In May 2013, a salvage excavation was conducted in the Zipor compound in Modi‘in (Permit No. A-6796; map ref. 200791–907/647245–347), prior to construction. The excavation, undertaken on behalf of the Israel Antiquities Authority and financed by Amar-Coriel Architects, was directed by V. Eshed (field photography), with the assistance of Y. Amrani (administration), A. Dagot (GPS), R. Mishayev and M. Kahan (surveying and drafting), H. Torgë (pottery reading) and M. Shuiskaya (pottery drawing).
Four stone clearance heaps and a field wall were excavated (Fig. 2).
Stone Clearance Heap (L1; Fig. 3). An elliptical clearance heap (diam. 6.5 m, height 1.45 m), consisting of medium- and large-sized stones, was exposed in the western part of the area. Several body sherds of pottery vessels and a jar from the Byzantine period (Fig. 4) were discovered.
Stone Clearance Heap (L2; Fig. 5). An elliptical clearance heap (length c. 6 m, height 2.2 m) consisting of medium-sized stones was exposed in the southern part of the area. The heap was piled up against a boulder on a natural slope that descends from south to north. Several body sherds of pottery vessels dating to the Byzantine period were discovered.
Terrace Wall and Stone Clearance Heap (L3, W5; Fig. 6). A rectangular clearance heap (length 6.5 m, width 5.3 m, height 1.05 m) consisting of medium- and large-sized stones piled on a natural slope that descends from south to north was exposed in the eastern part of the area.
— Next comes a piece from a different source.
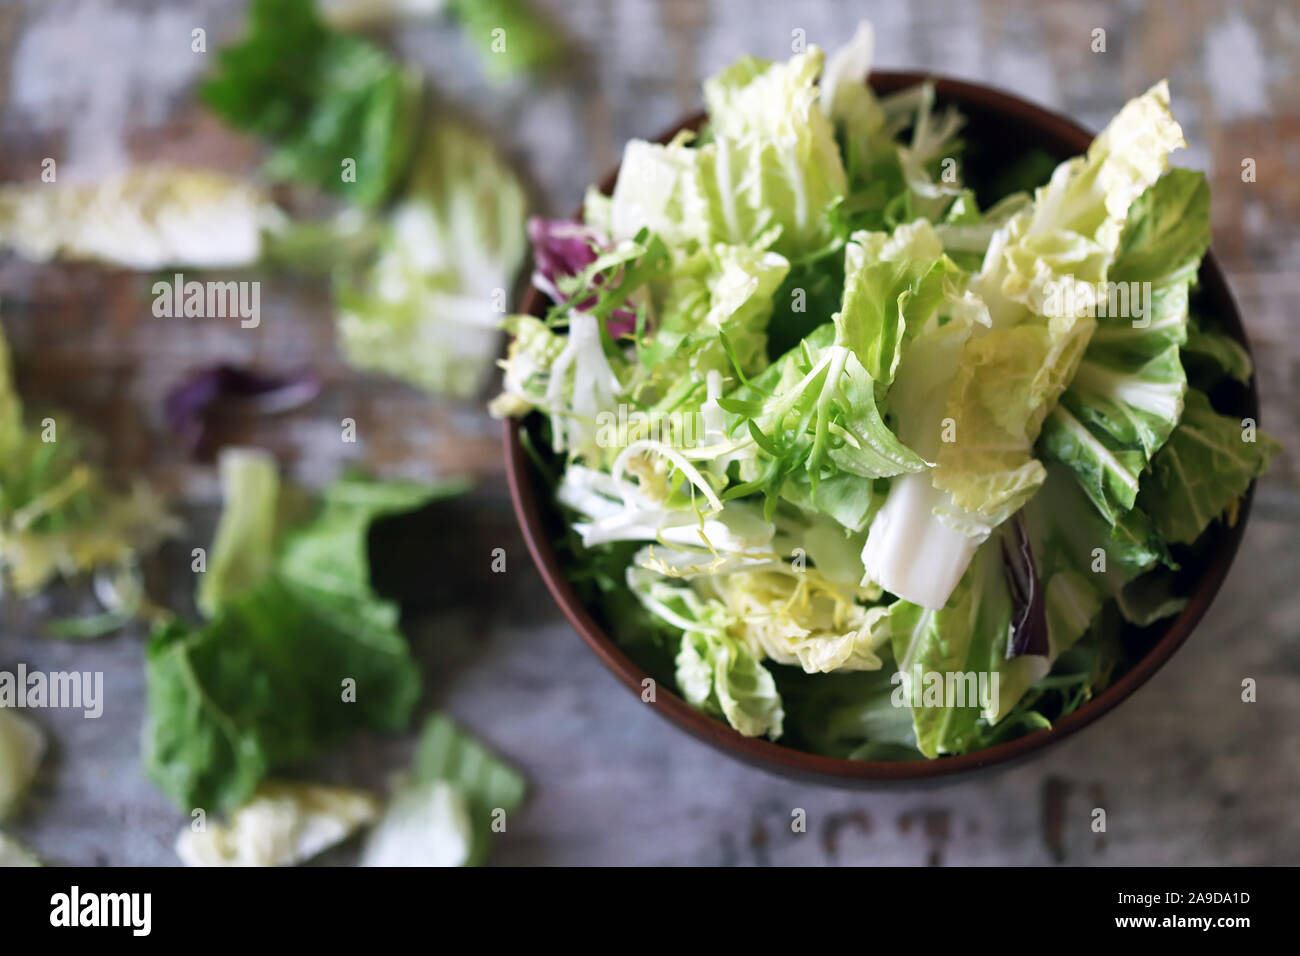 Mischung von Salaten in eine Schüssel geben. Grüne saftige Salatblätter. Das Konzept der gesunden Ernährung. Selektive konzentrieren. Makro. Stockfoto

The heap was enclosed to its south by a wall (W5) built of a single course of large fieldstones aligned along an east–west axis. The wall apparently marked the edge of an agricultural terrace meant to prevent soil from eroding down the natural northern slope.
Stone Clearance Heap (L4; Fig. 7). An elliptical clearance heap (diam. 6.5 m, height 1 m) consisting of medium- and large-sized stones, descending on a northern natural slope, was exposed in the north of the area.
The ceramic finds recovered in the clearance heaps indicate that the region was inhabited during the Byzantine period. The finds, like those of previous excavations in the region, show that the area was used for cultivation and belonged to one of the nearby settlement sites—Khirbat Abu Fureij or Horbat Tittora—located to the east.